:: Exercise brief ::
Every line of the listing below from the one with "Ratioform - Positiv Berwertungen" up to and including the one with "baby girl lamb" should be retyped exactly, and nothing else; pictures are not part of the copy.

··· Extracted records ···

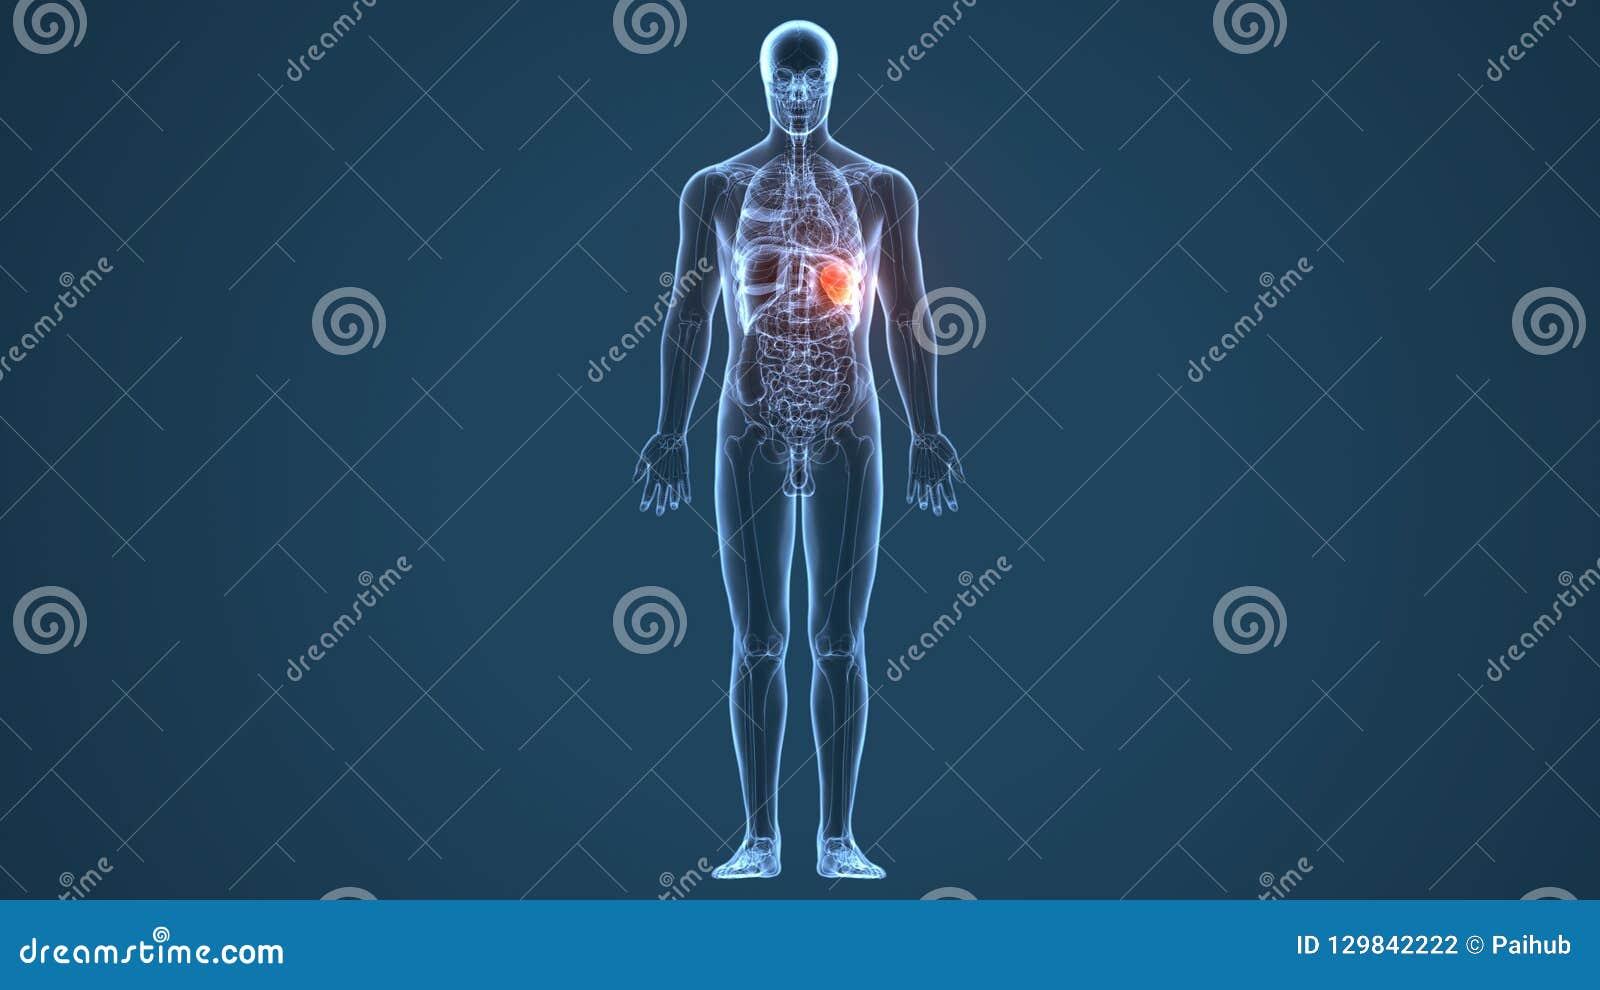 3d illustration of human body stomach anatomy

···
··· Extracted records ···

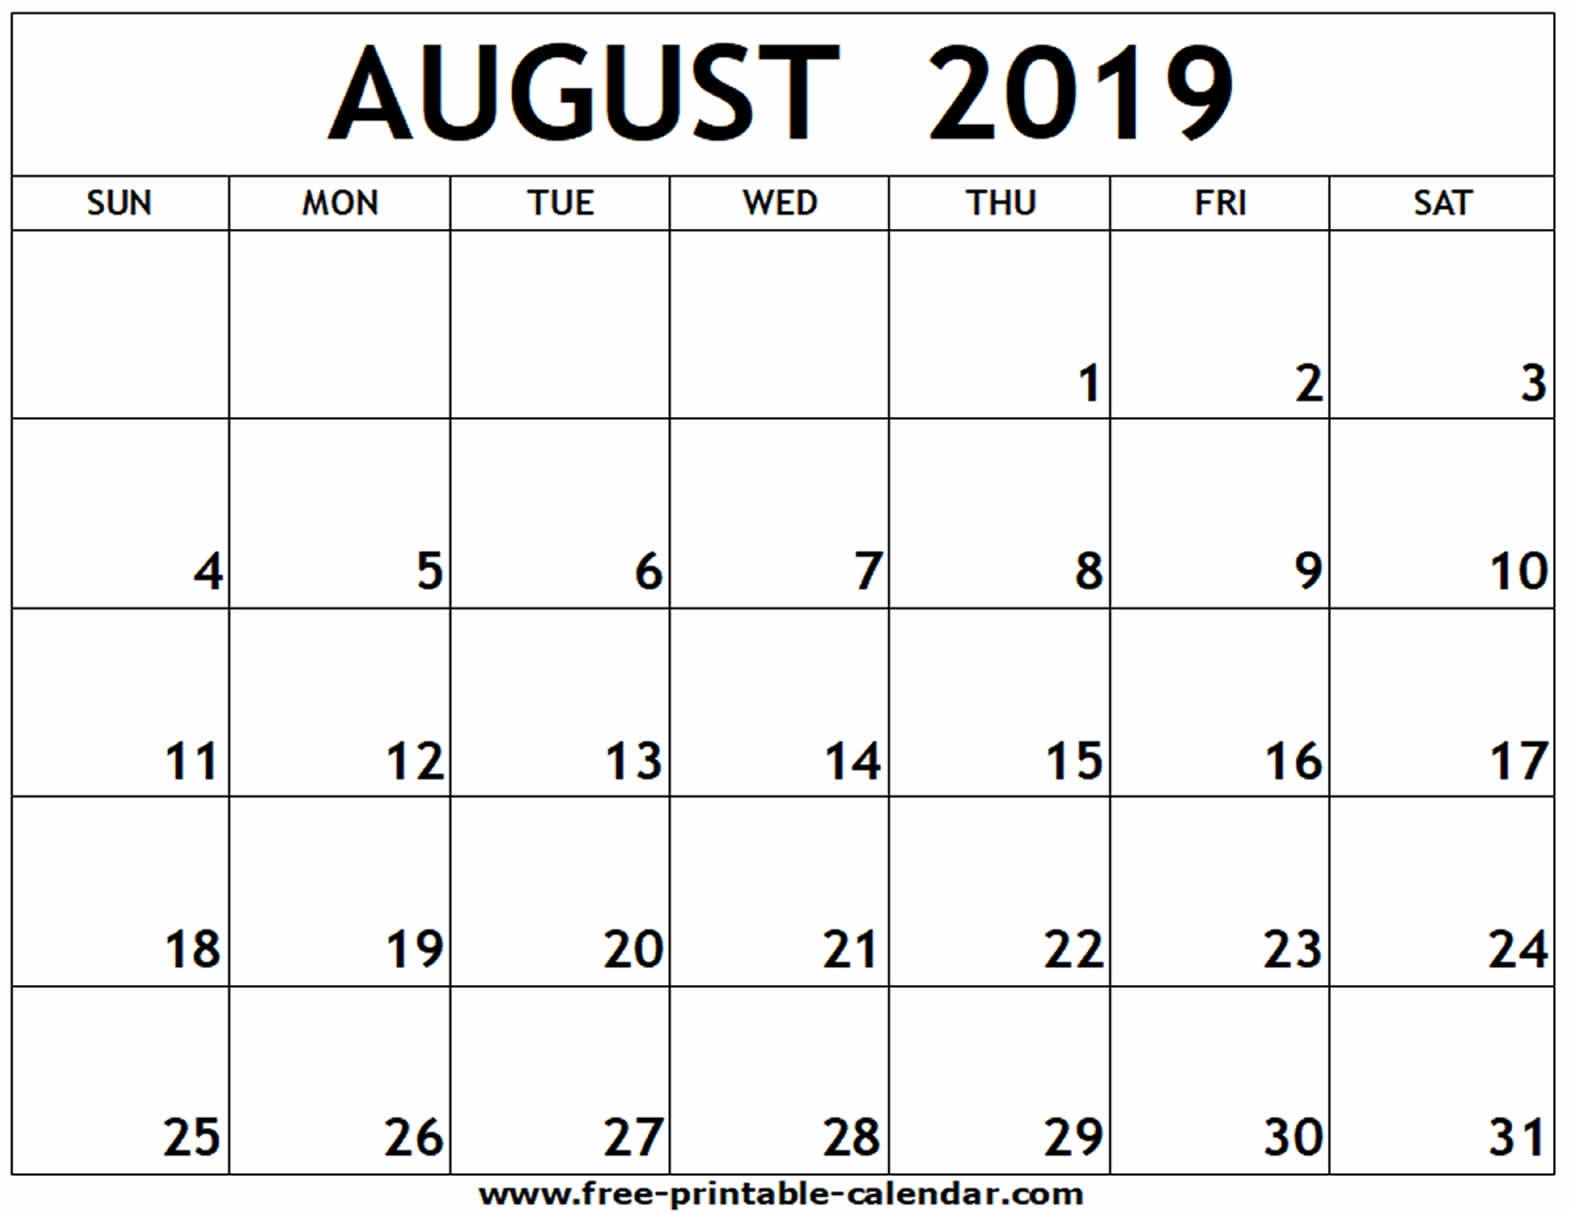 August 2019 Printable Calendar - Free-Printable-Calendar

···
··· Extracted records ···

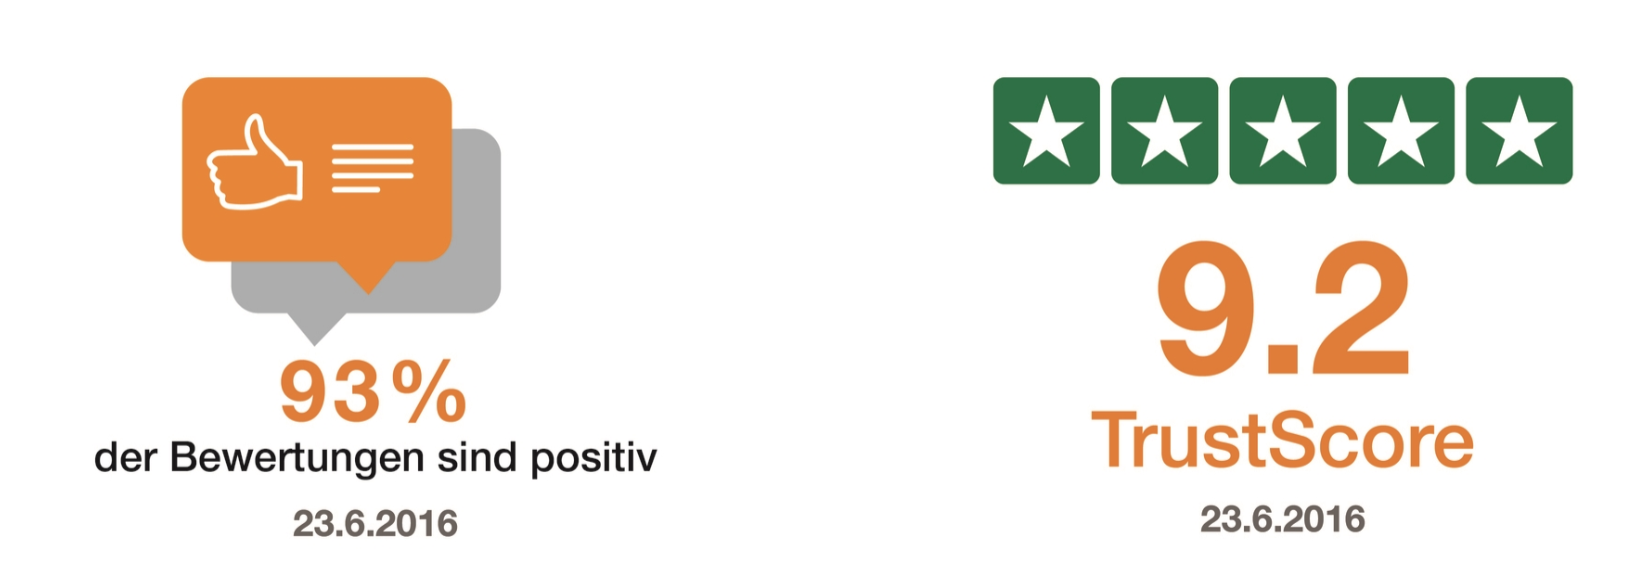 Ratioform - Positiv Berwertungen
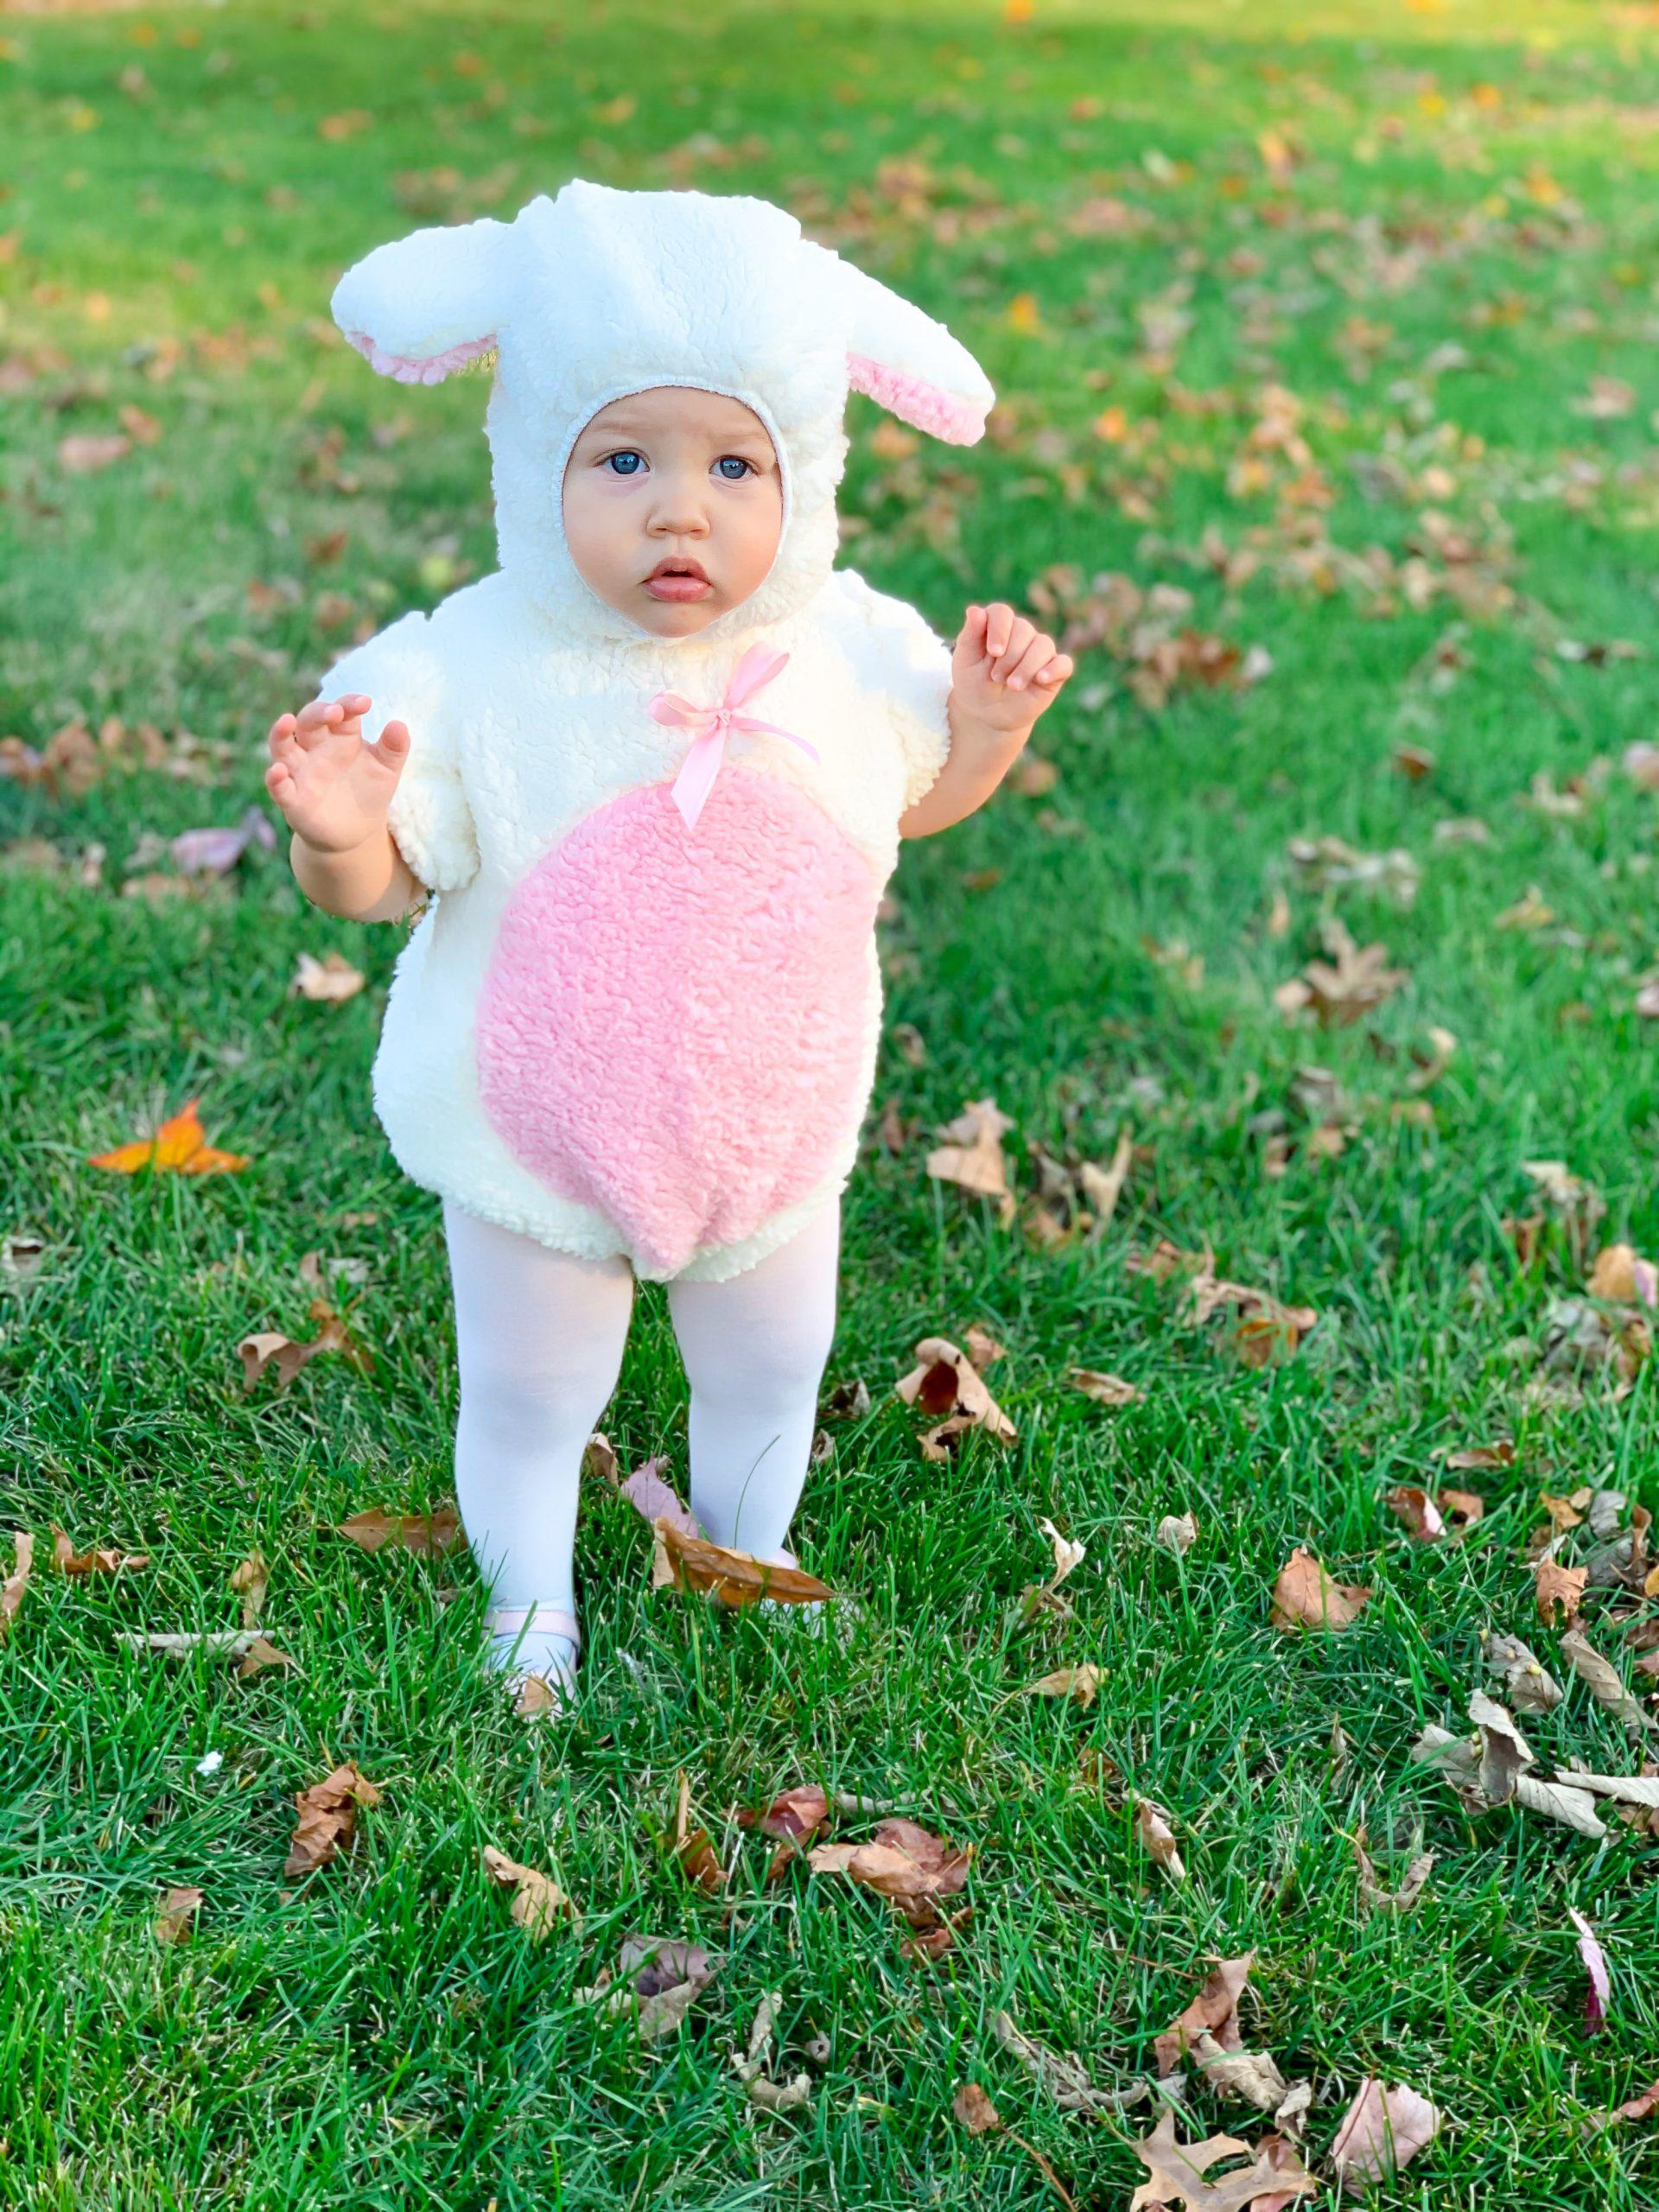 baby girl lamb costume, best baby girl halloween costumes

···

:: Result of the task ::
 Ratioform - Positiv Berwertungen
 baby girl lamb costume, best baby girl halloween costumes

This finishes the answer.